Agree. I've just tried to justify the value of random_page_cost, which
is lower than like 2.0.
> Cheers,
>
> Jeff
On Fri, Dec 1, 2017 at 11:08 PM, Vitaliy Garnashevich <
vgarnashevich@gmail.com> wrote:
>
>
> seq_page_cost = 0.0
> random_page_cost = 0.0
> explain analyze select * from aaa where num = 2 and flag = true;
>
> Bitmap Heap Scan on aaa (cost=753.00..2003.00 rows=10257 width=5) (actual
> time=82.212..82.212 rows=0 loops=1)
> -> Bitmap Index Scan on i1 (cost=0.00..750.43 rows=100000 width=0)
> (actual time=17.401..17.401 rows=100000 loops=1)
>
> Index Scan using i1 on aaa (cost=0.44..1750.43 rows=10257 width=5)

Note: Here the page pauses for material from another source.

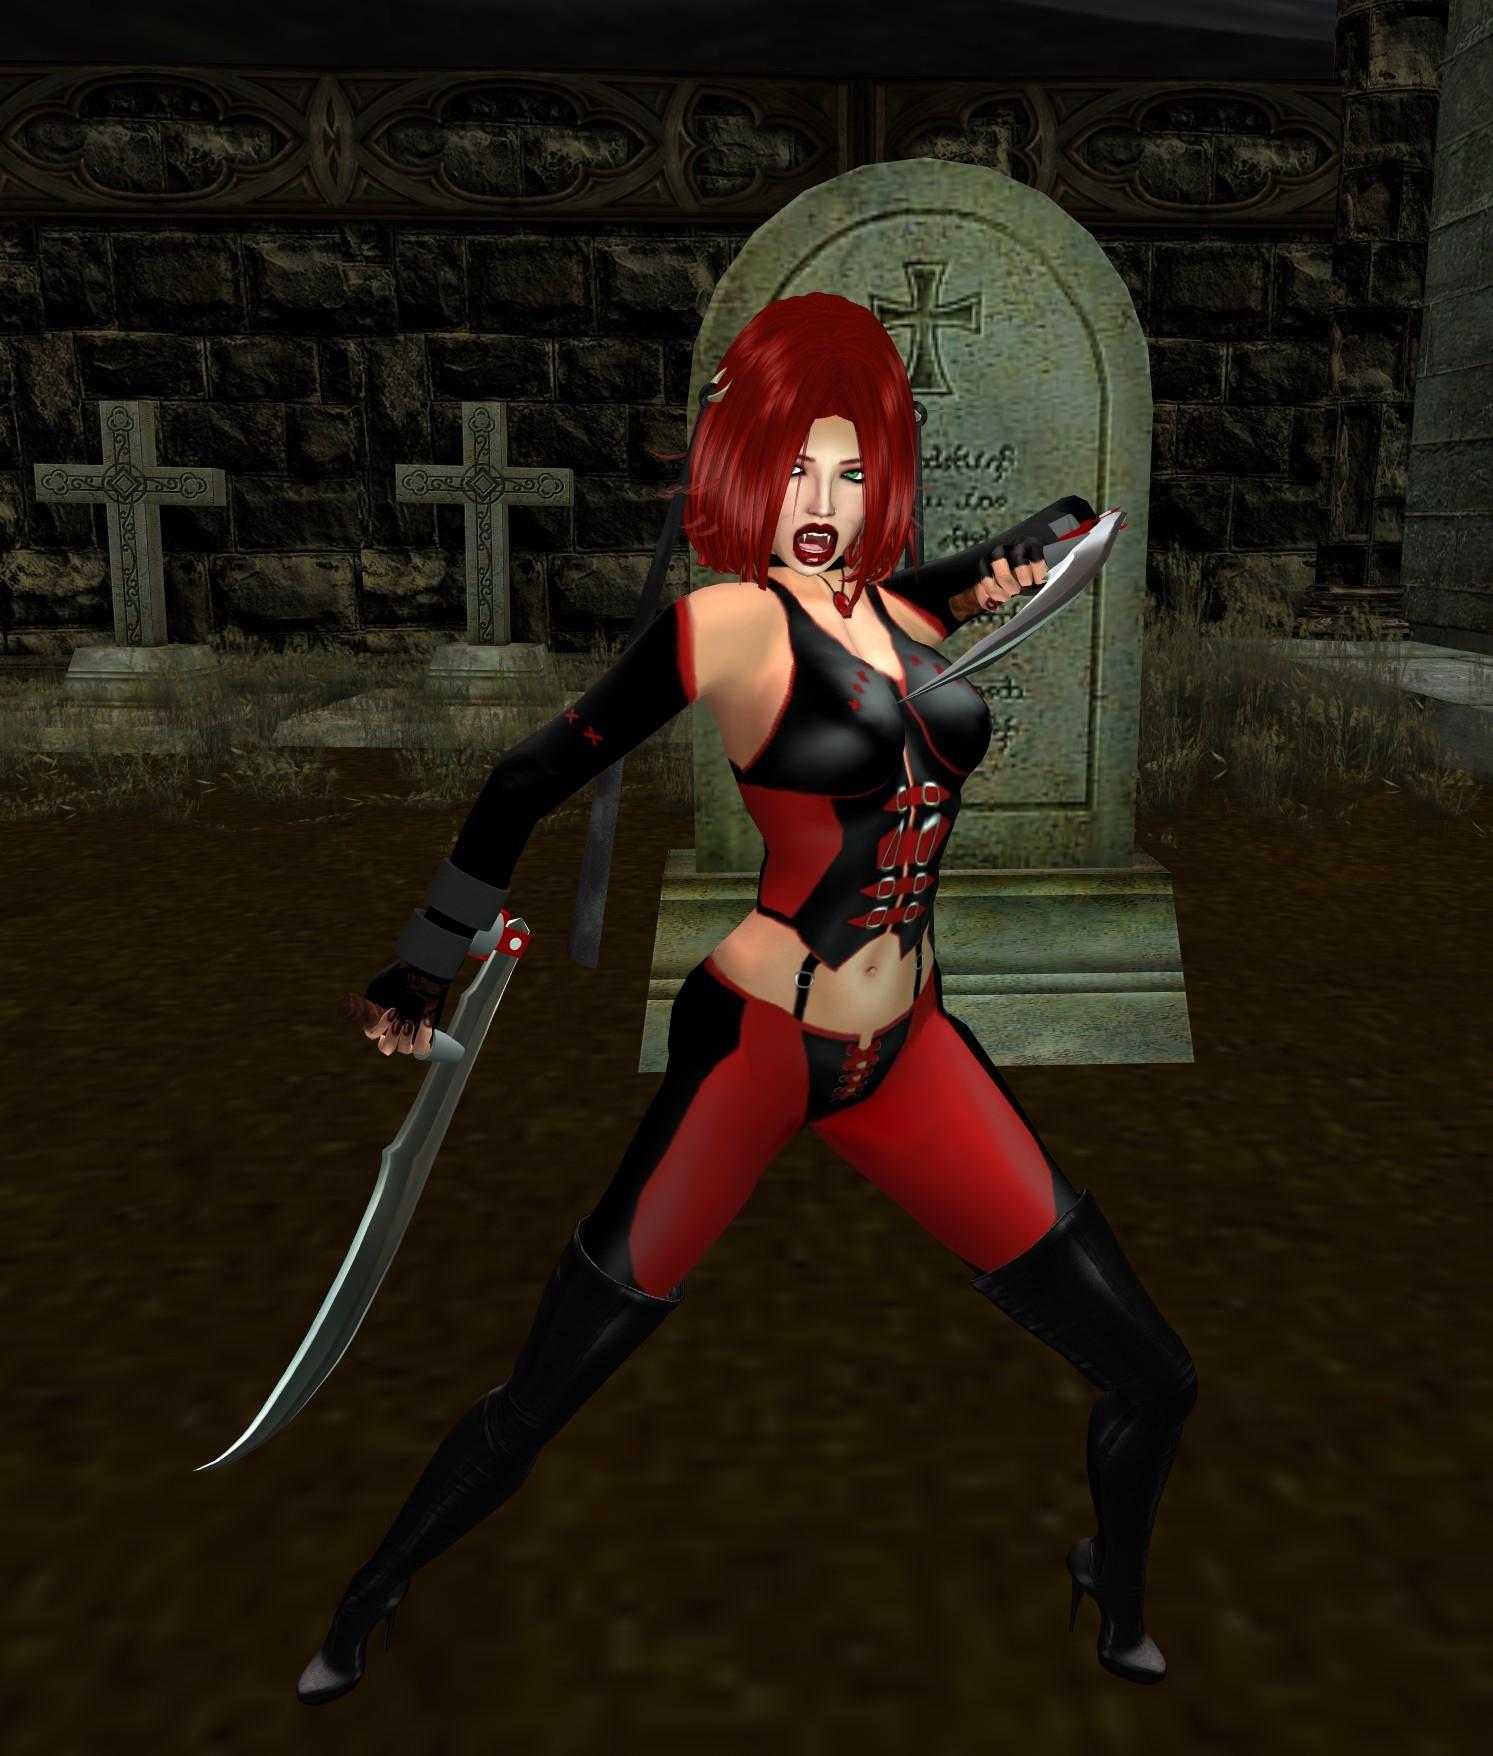 Bloodrayne 2 mods naked videos

> (actual time=49.766..49.766 rows=0 loops=1)
>
> The bitmap plan was reduced to use only one bitmap scan, and finally it
> costs more than the index plan.
>
Right, so there is a cpu costing problem (which could only be fixed by
hacking postgresql and recompiling it), but it is much smaller of a problem
than the IO cost not being accurate due to the high hit rate. Fixing the
CPU costing problem is unlikely to make a difference to your real query.
If you set the page costs to zero, what happens to your real query?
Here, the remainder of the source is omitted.